[Opening DATA SECTION section]

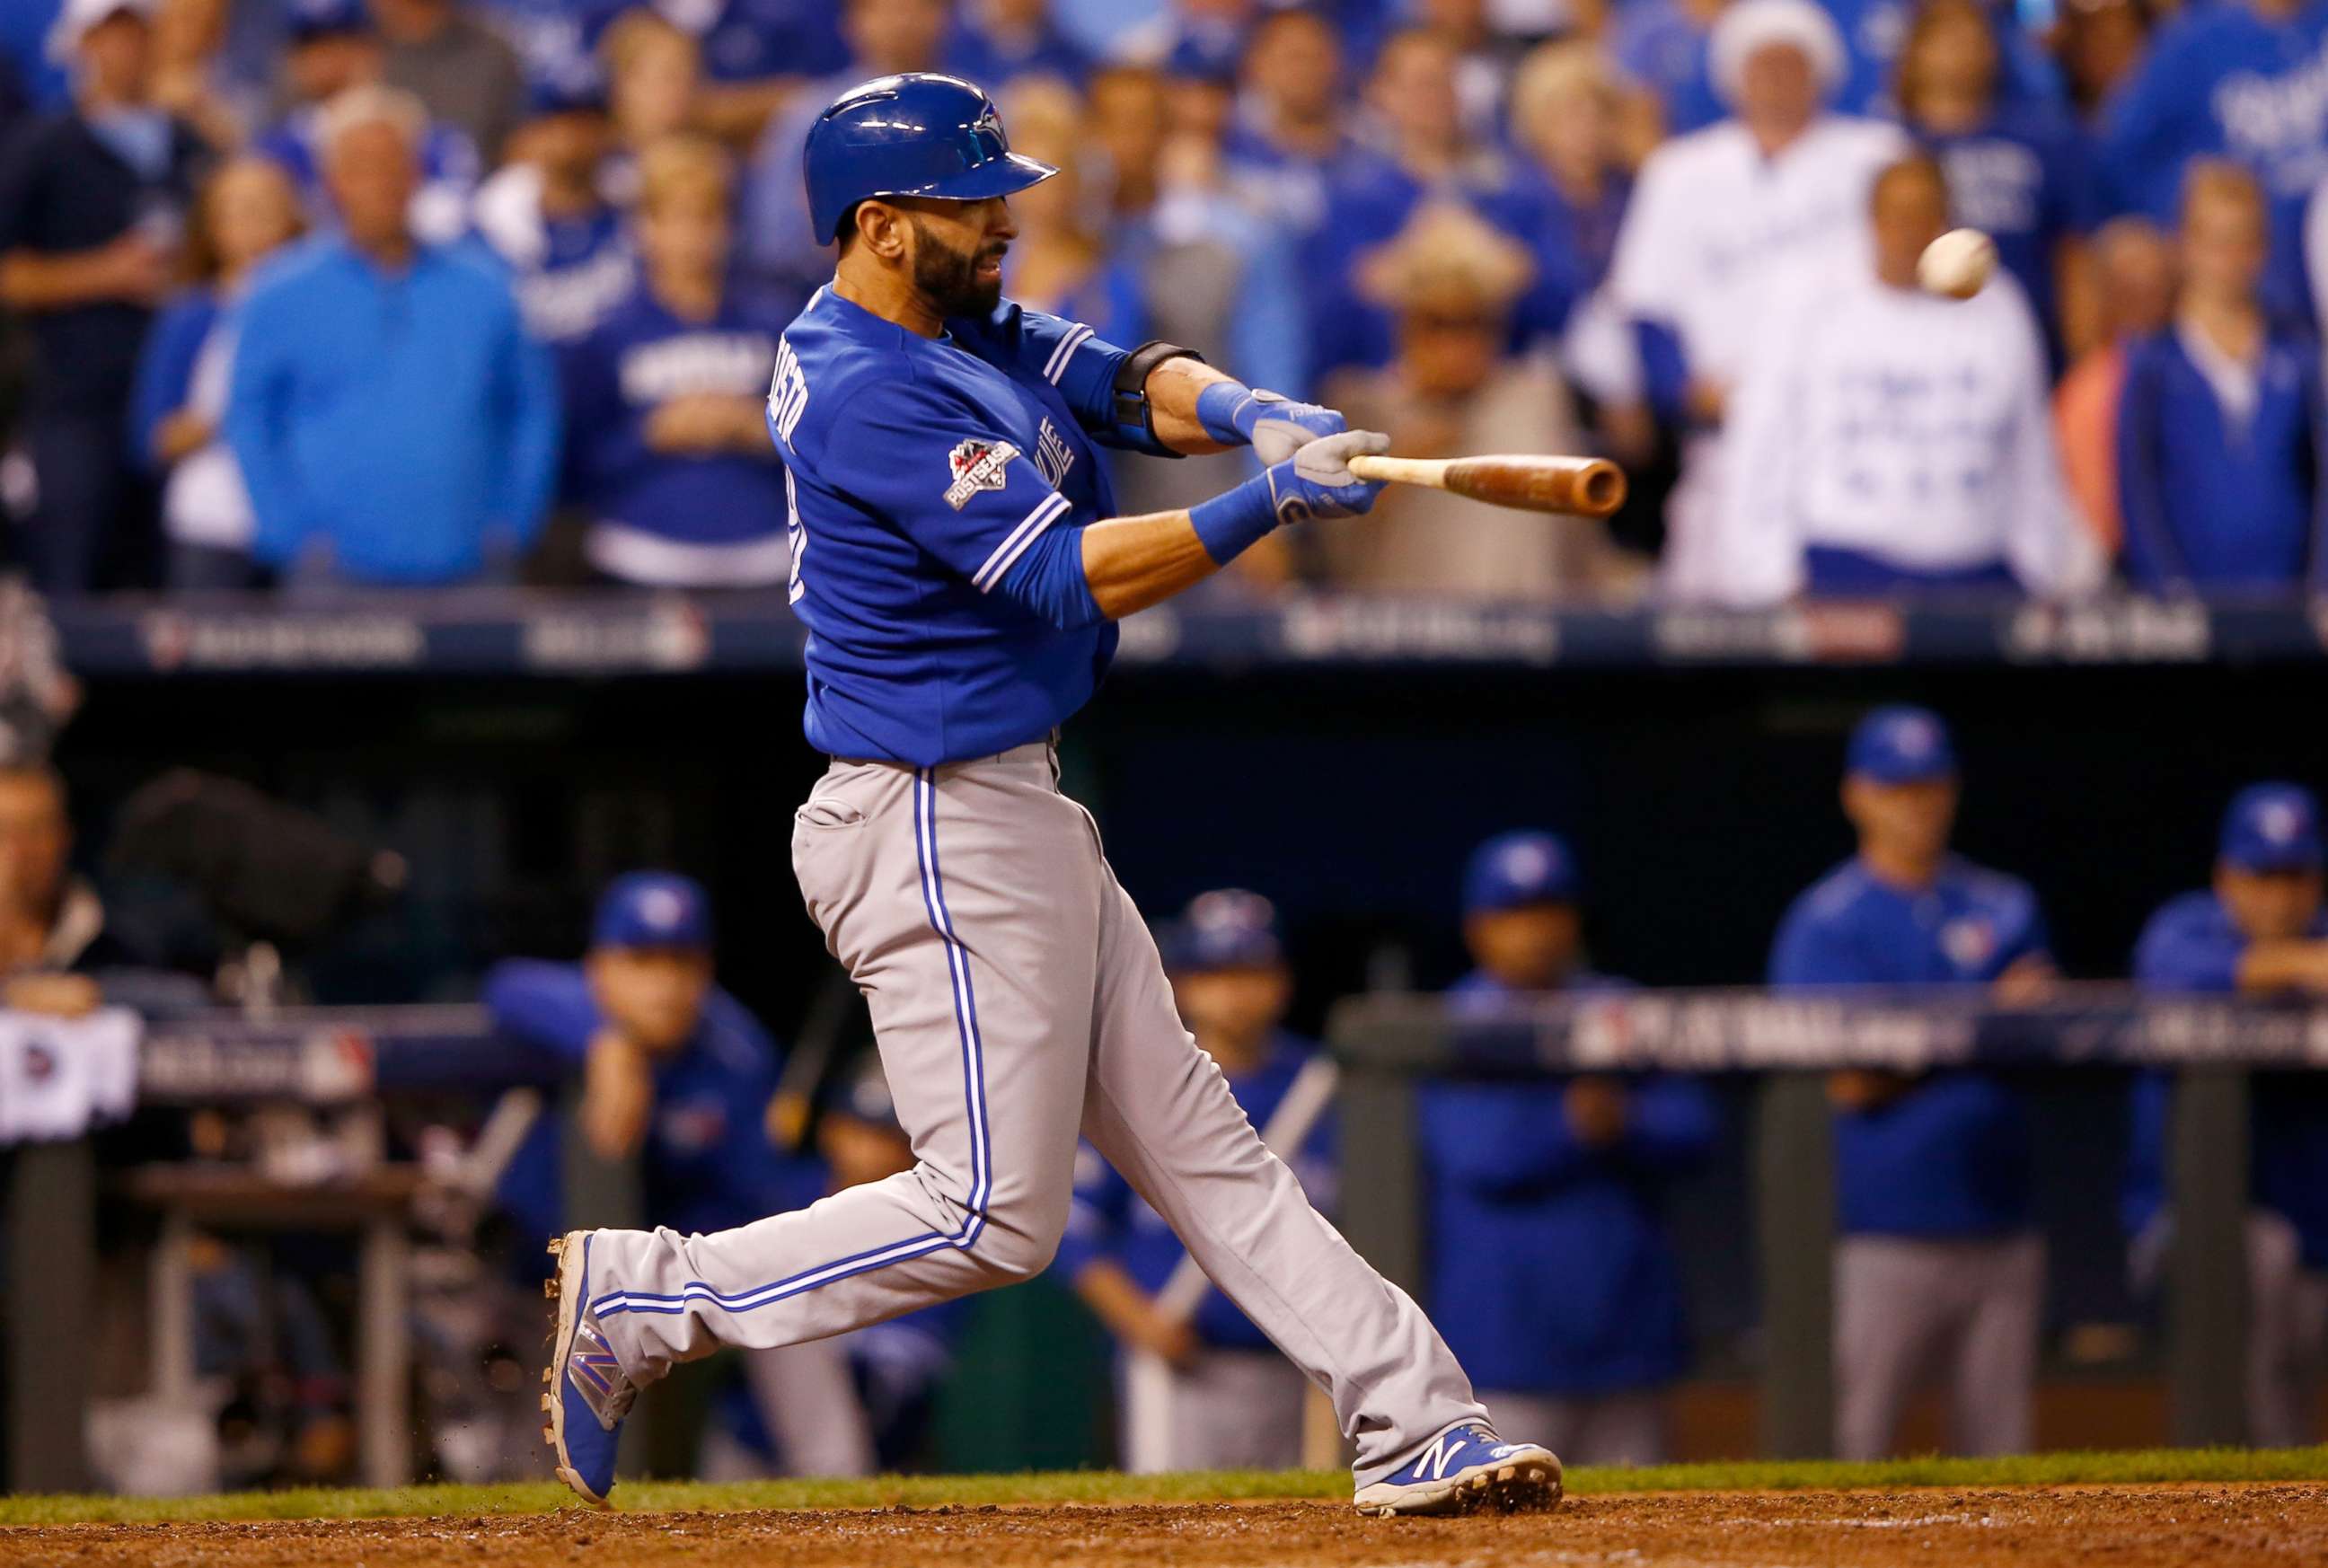 PHOTO: Jose Bautista of the Toronto Blue Jays during the  2015 MLB American League Championship Series at Kauffman Stadium in this Oct. 23, 2015 file photo in Kansas City, Mo.
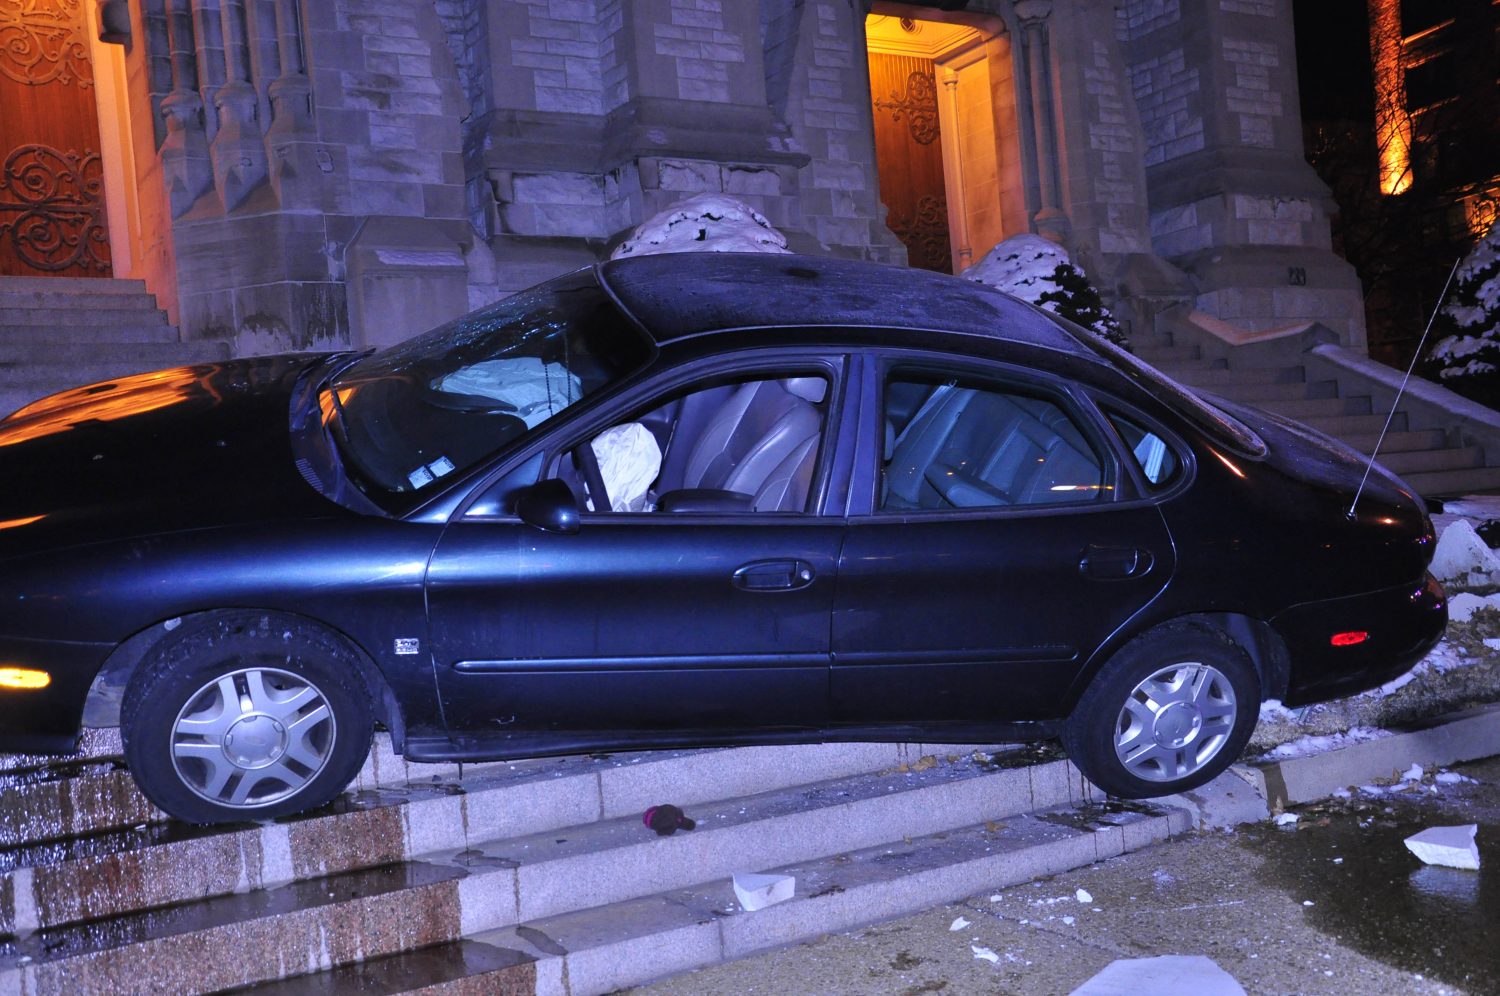 December 27th 2010 - a car crash on the steps of College Church
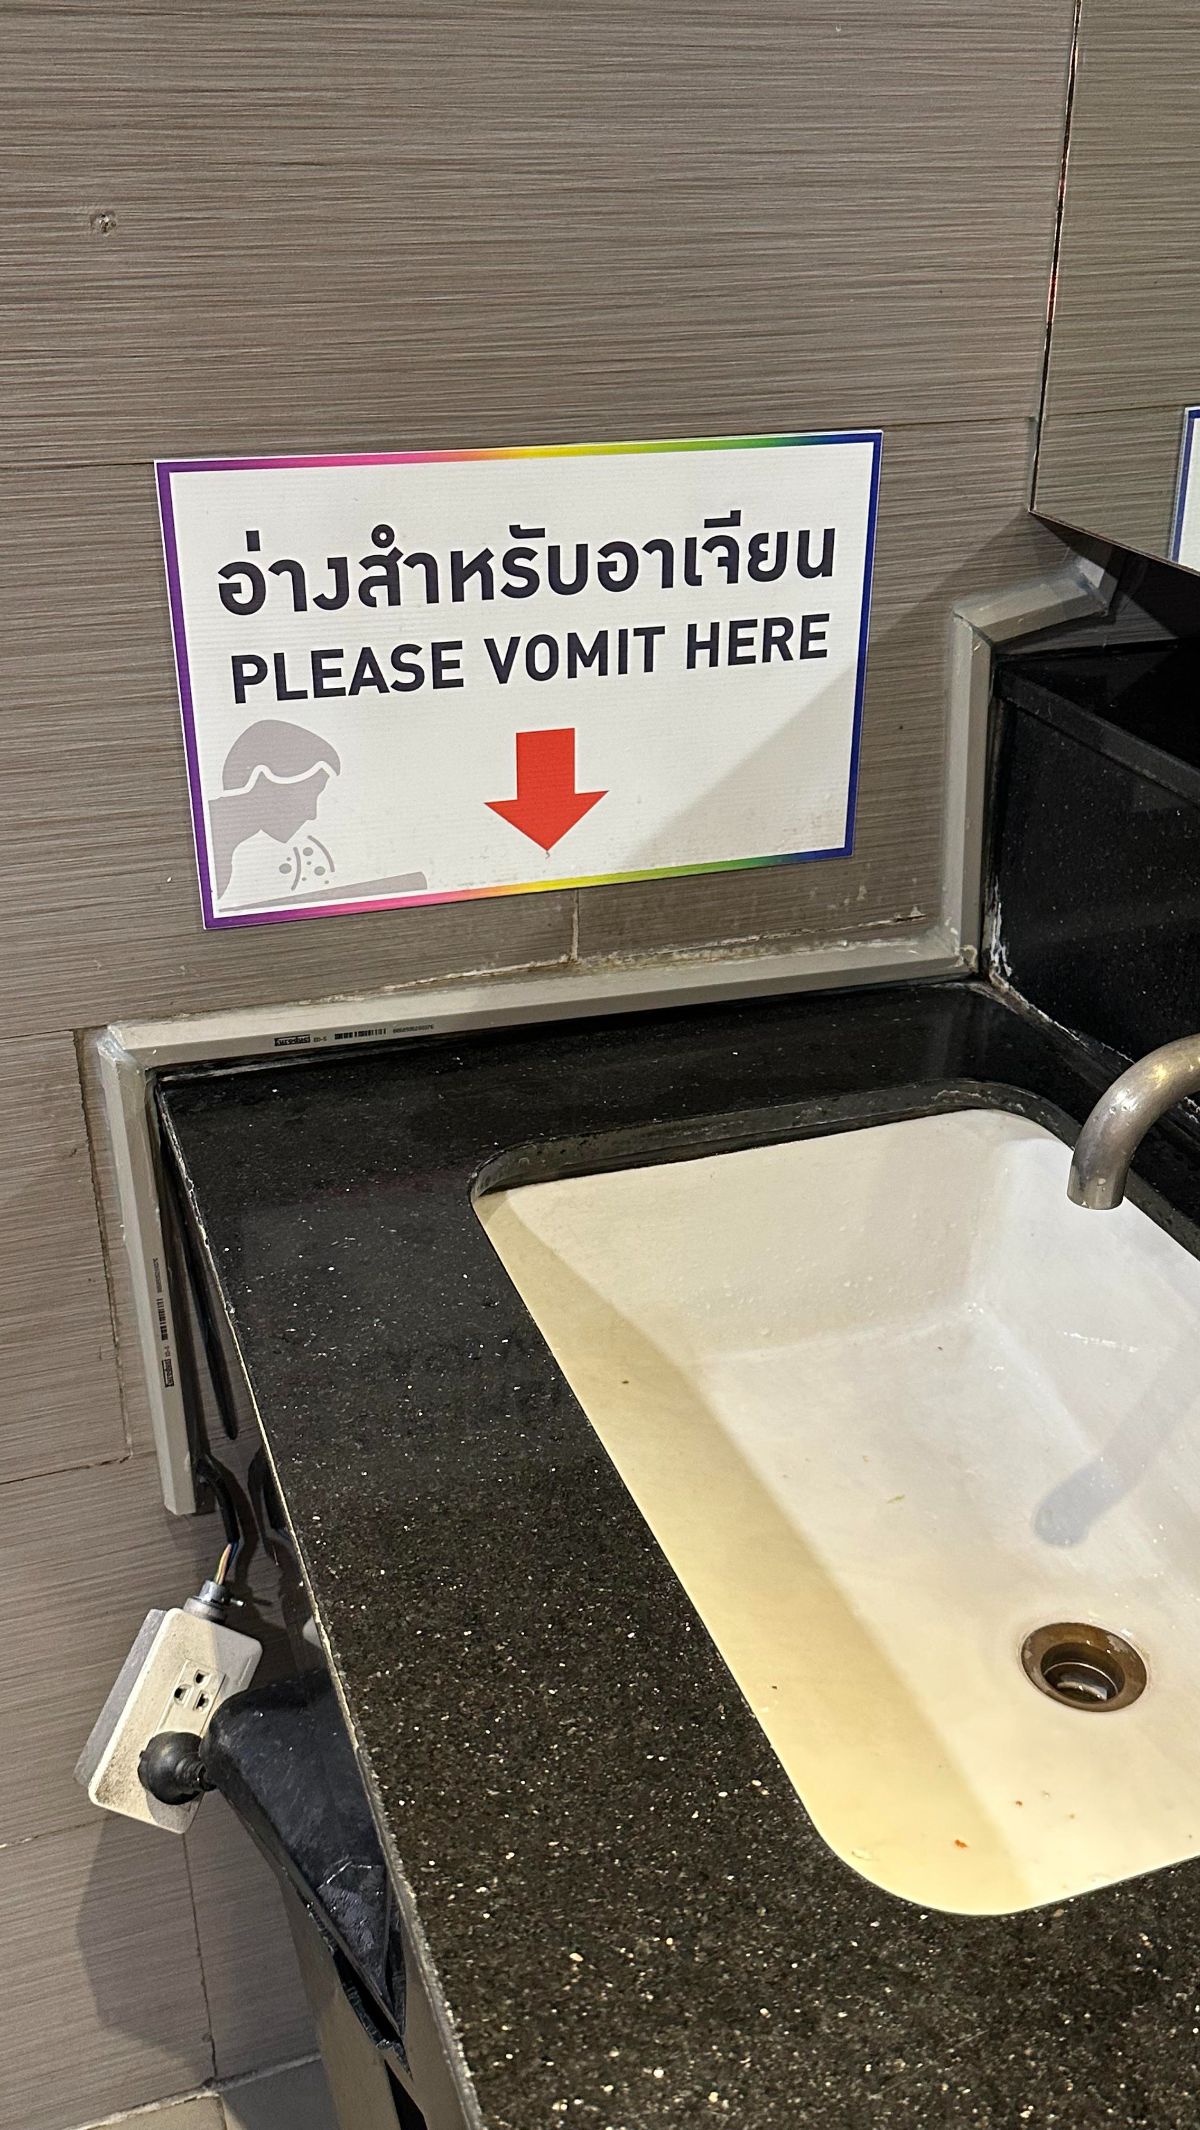 4. Special Sinks for Vomiting: Needed for Nightlife

[Closing DATA SECTION section]

WHAT YOU WILL DO. From the material above, write out exactly the lines from the line with "December 27th 2010" through the closing line, inclusive, and no pictures.

RESULT FOR THIS TASK.
 December 27th 2010 - a car crash on the steps of College Church
 4. Special Sinks for Vomiting: Needed for Nightlife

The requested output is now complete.